Artur Pizarro - Ravel, volume I

Artur Pizarro tem um novo disco, gravado no Teatro de São Luís, na sequência das integrais de Ravel e Debussy que aí interpretou, há cerca de seis meses. Ainda não o ouvi, mas está aqui uma crítica fresquinha no site da BBC.
Um dos melhores pianistas da actualidade, como pôde comprovar quem o viu tocar o concerto para piano de Tchaikovsky, em Fevereiro, na Gulbenkian.

Artur Pizarro
The Complete Works Of Ravel, Vol.1

Composer: Maurice Ravel
Performer: Artur Pizarro
Label: Linn
Cat#: CKD290
Released: 2007-03-05


* Ondine, from Gaspard de la Nuit
* Alborada del gracioso, from Miroirs


The five works on this CD – the first of two volumes Artur Pizarro is releasing of Ravel’s complete piano music – create a fascinating and almost surreal musical journey. From the watery magic of Jeux d’Eau and the dark virtuosity of Gaspard de la Nuit, to the multi-faceted Miroirs and the brilliance of La Valse, this recording highlights not only Ravel’s amazing ability to depict extra-musical characters and events through music, but also Artur Pizarro’s very individual way of bringing these phenomena to life in his playing.
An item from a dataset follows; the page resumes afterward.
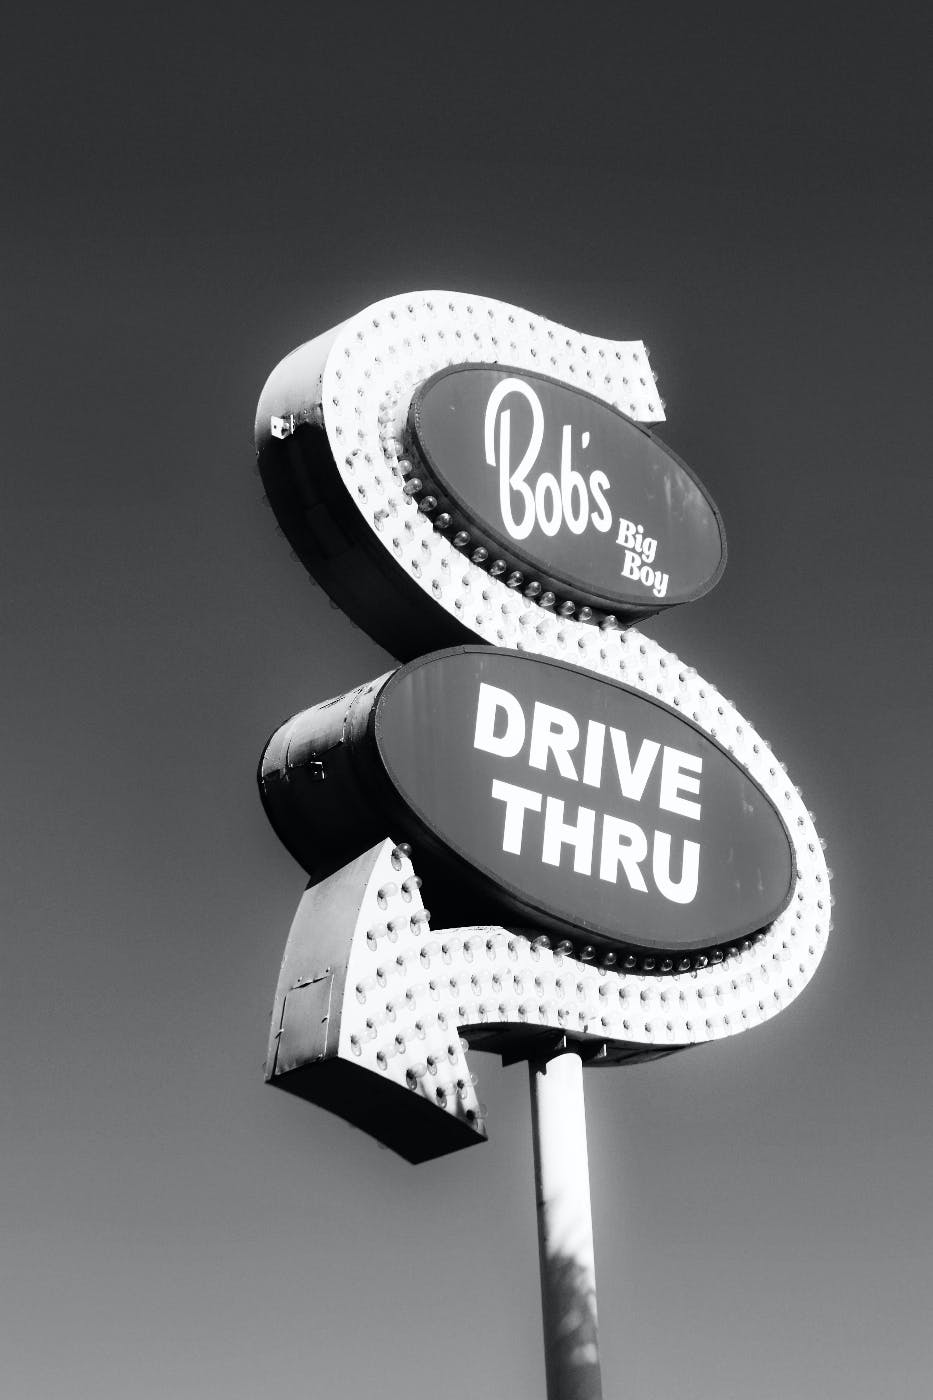 A Bob's Big Boy drive thru sign

One of Linn’s hybrid super audio CDs (SACD), this disc can be played on both super audio and regular CD players, and demonstrates perfectly how SACD benefits the piano more than any other instrument. When listened to on SACD it reveals a rich sonority across the whole range of the instrument. The low end is detailed and never gets lost or muddy, while the top end is always smooth and never harsh, as normal CDs often can be.

But Pizarro’s playing itself has no small hand in what makes this such a rewarding disc to listen to. His interpretation of Ravel is refreshingly personal and un-sensationalist, and although he never goes too far in terms of fortes, it doesn’t seem to matter. The detailed nature of SACD highlights his subtle use of the pedal throughout, allowing the rapid arpeggio passages to be heard without any kind of smearing to spoil the clarity. Even in the disc’s most complex passages – and in Gaspard de la Nuit we encounter one of the piano repertoire’s real monster-works - Pizarro’s playing gives the impression of being as free from resistence as the 'fountains, cascades and streams' Ravel describes in his Jeux d’Eau.

This is a very grown-up disc on all counts. I would definitely recommend it and look forward to hearing the second volume.